'Space tree' serves as reminder to protect the earth
Exposing kids to a variety of experiences can help better direct their future. This lesson couldn’t be any truer for Jerry Ross. “The beauty of the earth is inspiring,” he said. As a child he was enrolled in 4-H. “It was one of those organizations I felt that helped me as a young person to mature and develop and to learn responsibilities and to learn to stick to something I committed to.”
His 4-H foundation helped launch his stellar career as an adult. Ross grew up in Crown Point, is a graduate of Purdue University, a retired Air Force officer and a retired NASA astronaut. Col. Ross is a veteran of seven U.S. Space Shuttle missions and set the individual world record for the most spaceflights flown.
He first launched into space in 1985. “It certainly must have given God a satisfaction to look down on his creation and see how peaceful and beautiful it looks. At the same time, when you are flying around the Earth every 90 minutes, we get the new impression that the Earth is limited in size. It is not as big as we seem to think it is,” Ross said.
For a mission, NASA allows each astronaut a very limited number of items per flight that they can take into space for some organization. Normally it is an item like a school banner or baseball. Post flight, the items are returned to the organization. “I always tried to fly items for organizations that had made a difference in my life and helped me to get to where I ultimately was able to fly into space,” Ross said.
On Dec. 2, 1988, on flight STS 27, Ross did just that. “You can see the fragility of the atmosphere when looking at the thin blue fuzziness around the Earth. That is our atmosphere and we know that is what keeps everybody and thing on the surface of the earth alive,” he said.
To this day and for many future generations, his experience with 4-H continues to grow throughout the State of Indiana. Ross decided one of the items he would take into space in 1988 would be tree seeds. He took the state tree of Indiana, the tulip poplar, and the Sycamore, because it is ubiquitous through the state. He had the seeds harvested before the flight. “I had them stowed on the orbiter. They flew for more than four days in space,” Ross said. Upon arriving back from the 1.8-million-mile mission, the seeds were later germinated and grown to a transplantable state and then delivered to all 92 county Purdue Extension offices in 1989. This coincided with Purdue Extension’s 75th Anniversary.
“You look back on Earth from the blackness of space and there aren’t too many places that look very inviting. This is it. This is what we got, so we need to protect it,” Ross said.
Green and Growing
Twenty-five years later there is renewed energy around the tulip poplar “Space Tree” planted in Vigo County near the southeast corner of the jail, adjacent to the courthouse. Former Vigo County Extension Agent Max Miller had the honor of planting the tree. “The reason we didn’t have a big celebration back then was because of the worry of someone stealing it in the middle of the night,” Miller said.

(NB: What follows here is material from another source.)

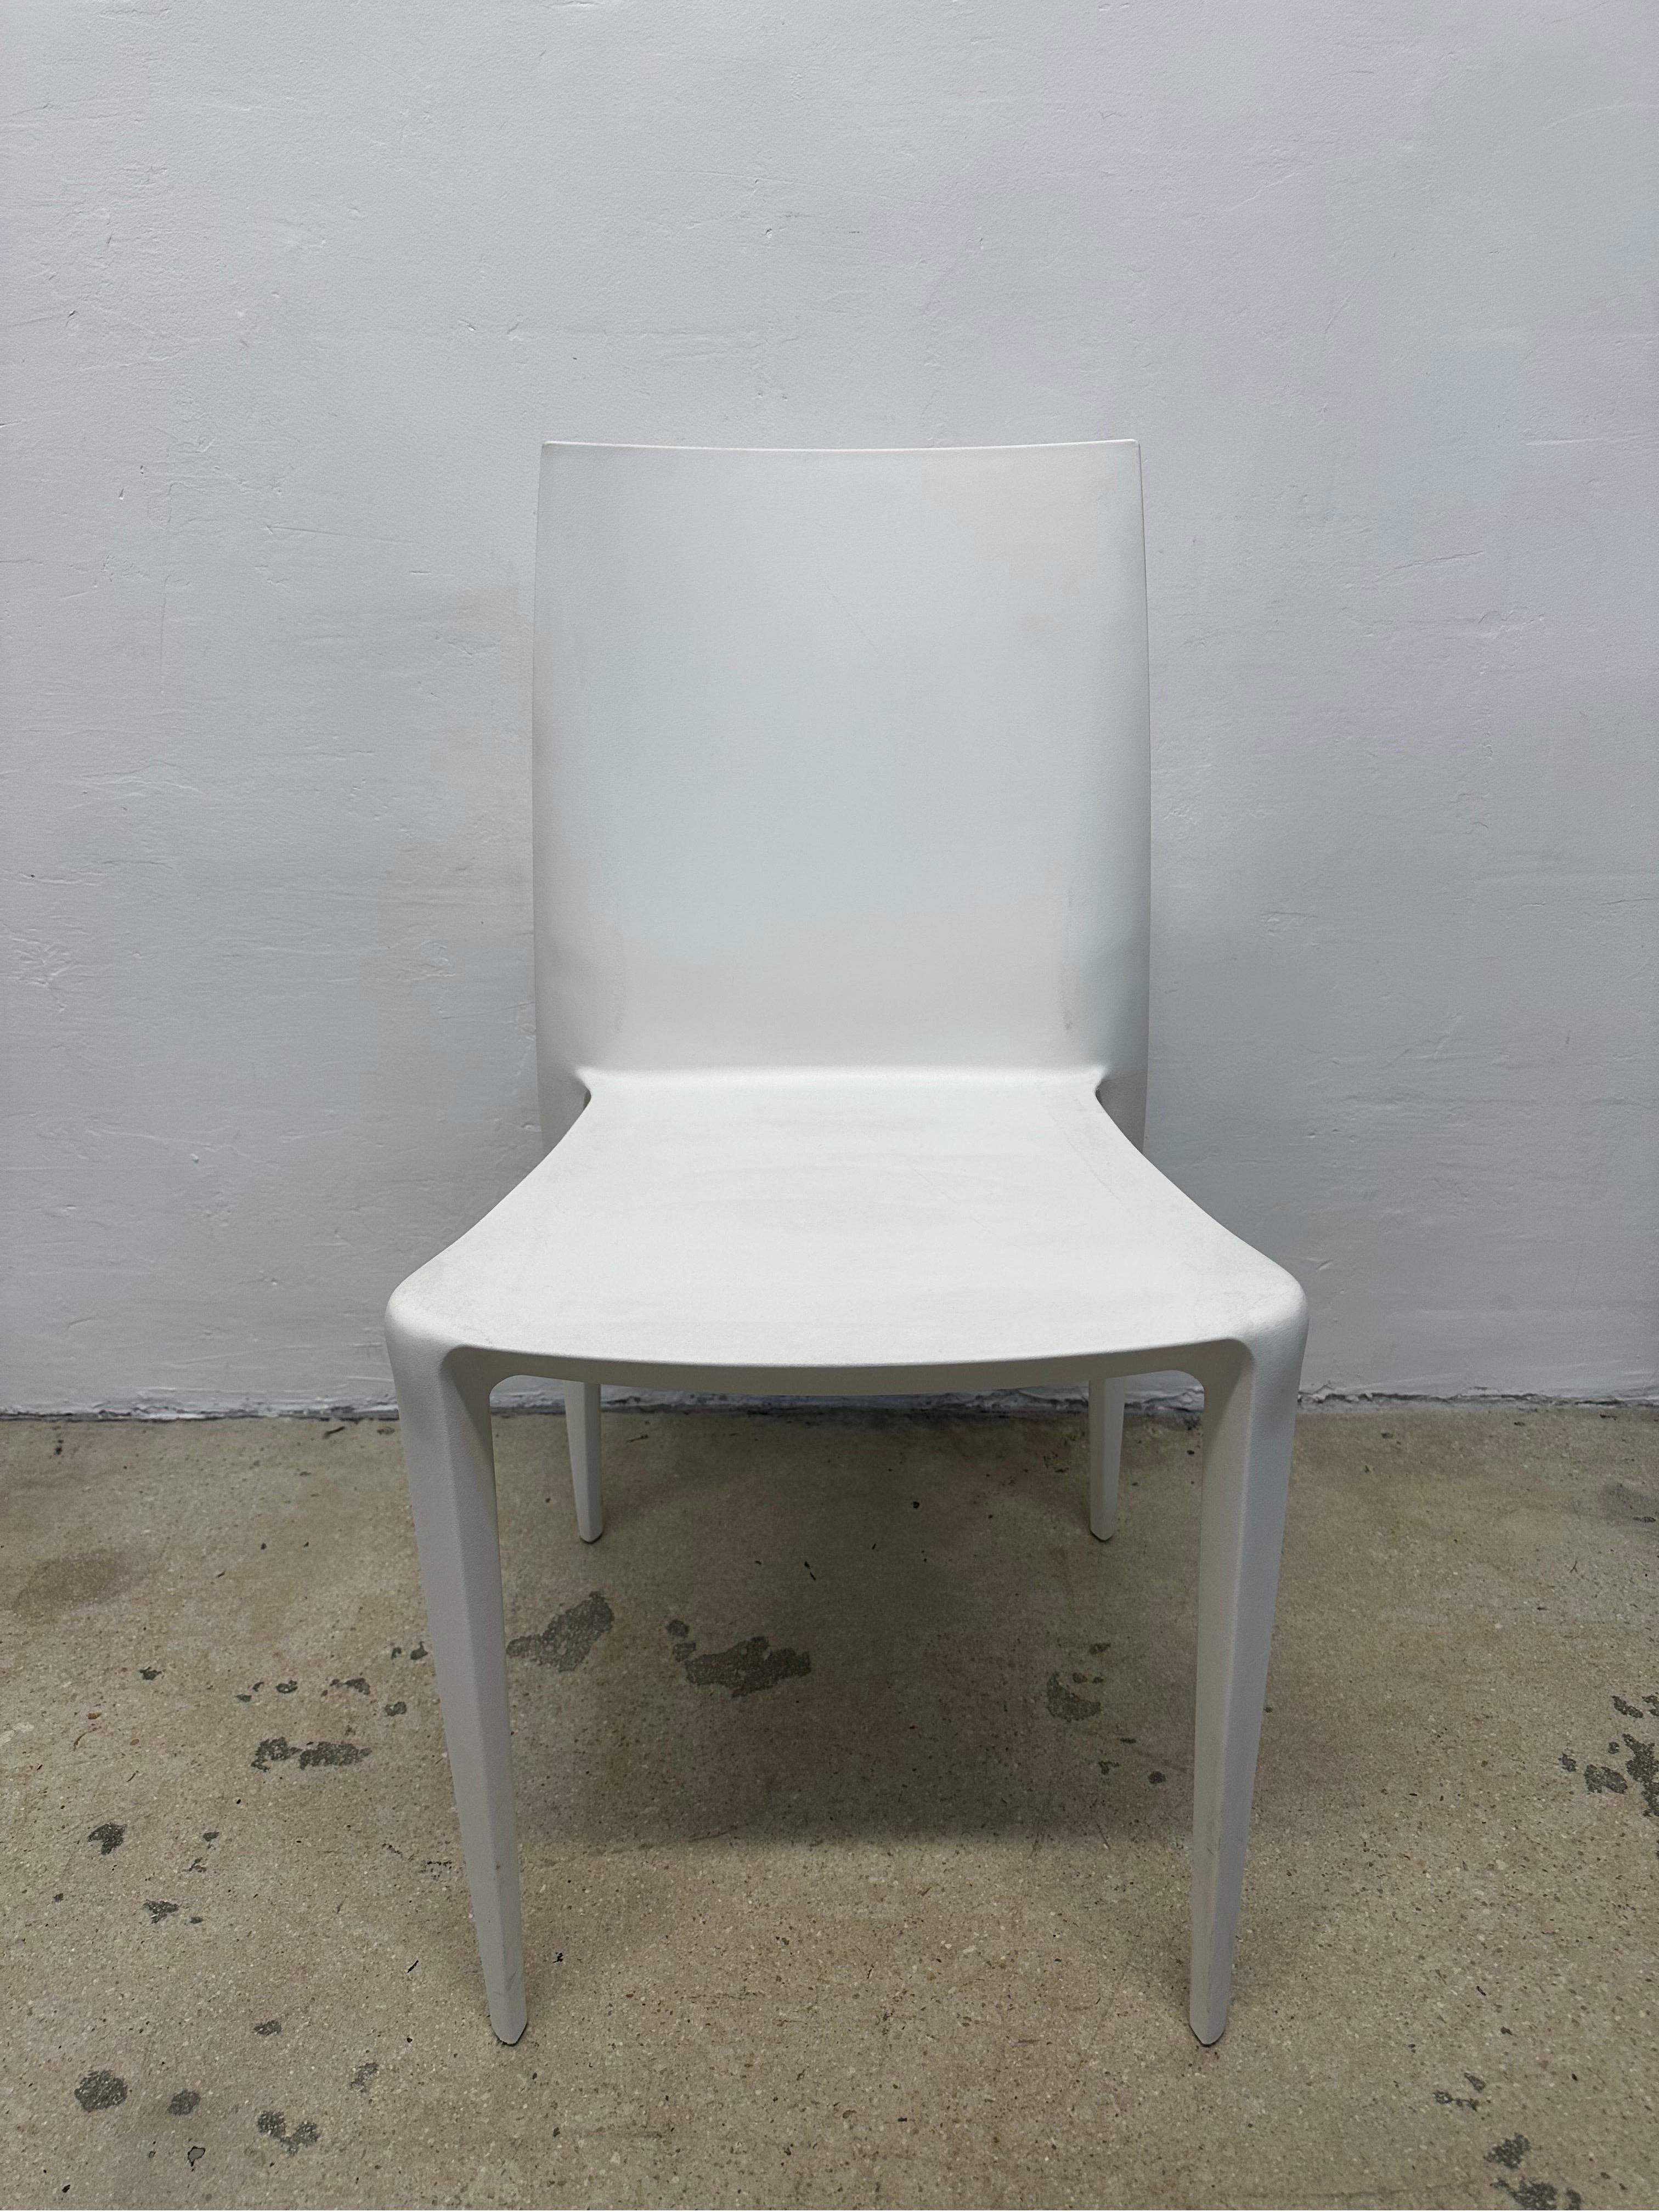 Ensemble de neuf chaises Bellini blanches sculpturales conçues par Mario Bellini pour Heller.  Ces chaises en plastique légères, polyvalentes et empilables sont parfaites pour l'intérieur ou l'extérieur.

Art Spaces is currently working on a plan to create a path connecting downtown Terre Haute to the River. The space tree happens to be along the way. Through the Turn to the River planning process, Miller has said “look out for that tree,” reminding people of the importance of it. “I find it very touching and important to capture these kinds of unique stories. To have the tree just sitting there without anyone aware of the story seems unfortunate. It is a Vigo County story for people to discover. Jerry Ross took the time and effort to take that seed on an amazing journey, and we should memorialize that,” Director of Art Spaces Mary Kramer said.
Ross would like to see people thinking of collecting seeds from these trees to start a whole new generation of trees that can be planted around the state of Indiana. “I think anybody who flies in space can’t help but be an environmentalist. I feel strongly about being able to try to protect our earth. It is the only place we got” Ross said. Planting trees is a wonderful way to help protect our planet, for they clean the air we breathe and purify the water we drink.
Ross goes into more detail about the space tree seeds in his new book, “Becoming a Spacewalker: My Journey to the Stars.” This fall, his book was revised to integrate STEM related content to be integrated into a classroom lesson plan.